Em 1998, saiu do negócio, por se desentender com os sócios, com mais de 1 bilhão de dólares para investir. Os anos seguintes, Eike acumulou alguns fracassos empresariais. AJPX, fábrica de jipes, construída na cidade de Pouso Alegre, em Minas Gerais, encerrou suas atividades em 2002, depois de 10 anos em operação. Depois disso, Eike montou uma empresa de entregas expressas, a EBX Express. A companhia chegou a ser líder no mercado, mas depois de três anos a empresa faliu. Outro empreendimento que não deu certo foi uma franquia de cosméticos que levava o nome de sua mulher na época, a atriz e modelo Luma de Oliveira. O empreendimento nunca chegou a decolar, acabou vendido a um grupo português, em 2002.

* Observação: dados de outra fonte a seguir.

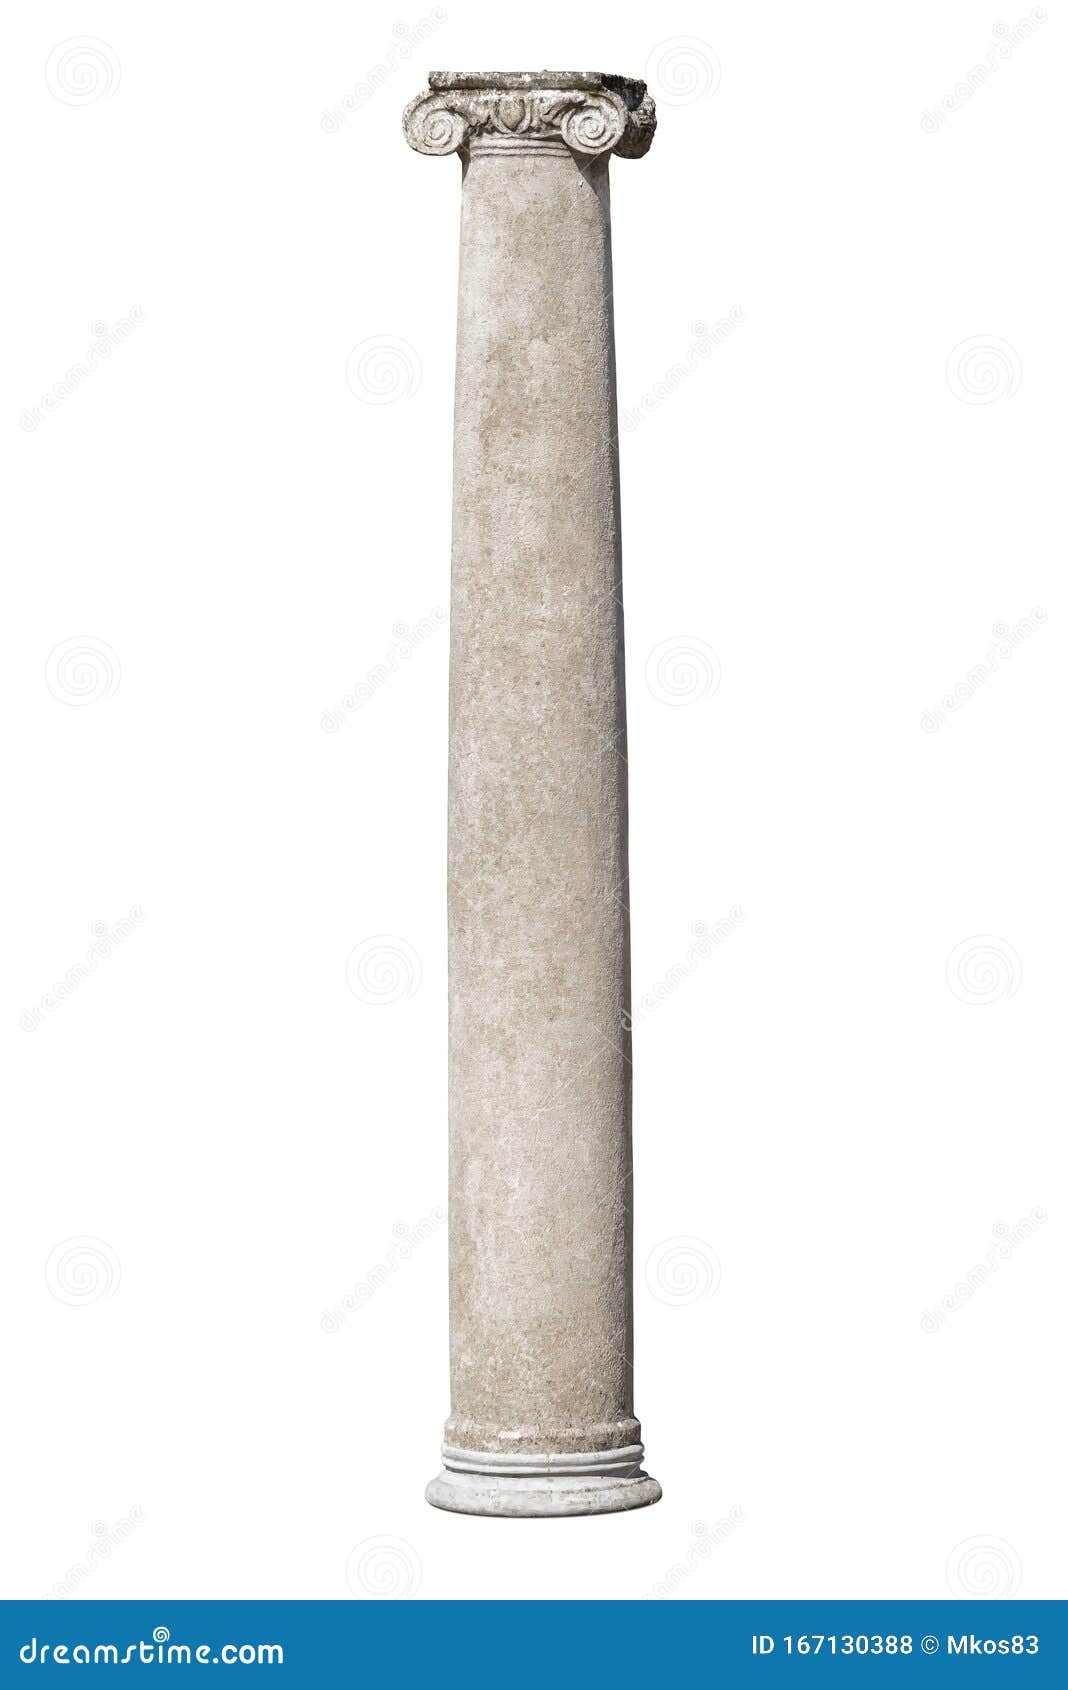 ancient roman column  on white background

Eike Batista deu início então a projetos em infraestrutura do grupo X. Criou a MMX - na área da mineração. Em 2007 criou a OGX , empresa de petróleo e gás. Criou a MPX, uma empresa de geração de energia, a LLX – naval, OSX - naval, a CCX – mineração, SIX – tecnologia, REX – imóveis, IMX - esportes, entre outras.
Em janeiro de 2008, Eike Batista fechou um de seus maiores negócios, a venda de parte da mineradora MMX para multinacional Anglo American, por 5,5 bilhões de dólares. Do montante, aproximadamente 3 bilhões de dólares foram diretamente para sua conta. Somando-se a esse montante sua participação nas outras empresas do conglomerado EBX, fundado em 1983, Eike chegou a acumular um patrimônio de 16,6 bilhões de dólares. Em 2010, a Forbes o colocou como o homem mais rico do Brasil e o oitavo do mundo.
Em 2013 começou a queda do império X. Em junho Eike renunciou ao conselho da MPX. Em outubro a OGX deu calote de cerca de 45 milhões de dólares em juros para credores. A OGX anunciou que a usina de Campos deverá parar de produzir e as ações despencaram. Eike vê aos poucos seu patrimônio se evaporar. Declarou que o maior erro foi ter entrado para o mercado de ações. Em 2015, vê sua empresa OSX (em recuperação judicial), investigada na CPI da Petrobras, por suposto envolvimento em contrato milionário com a estatal.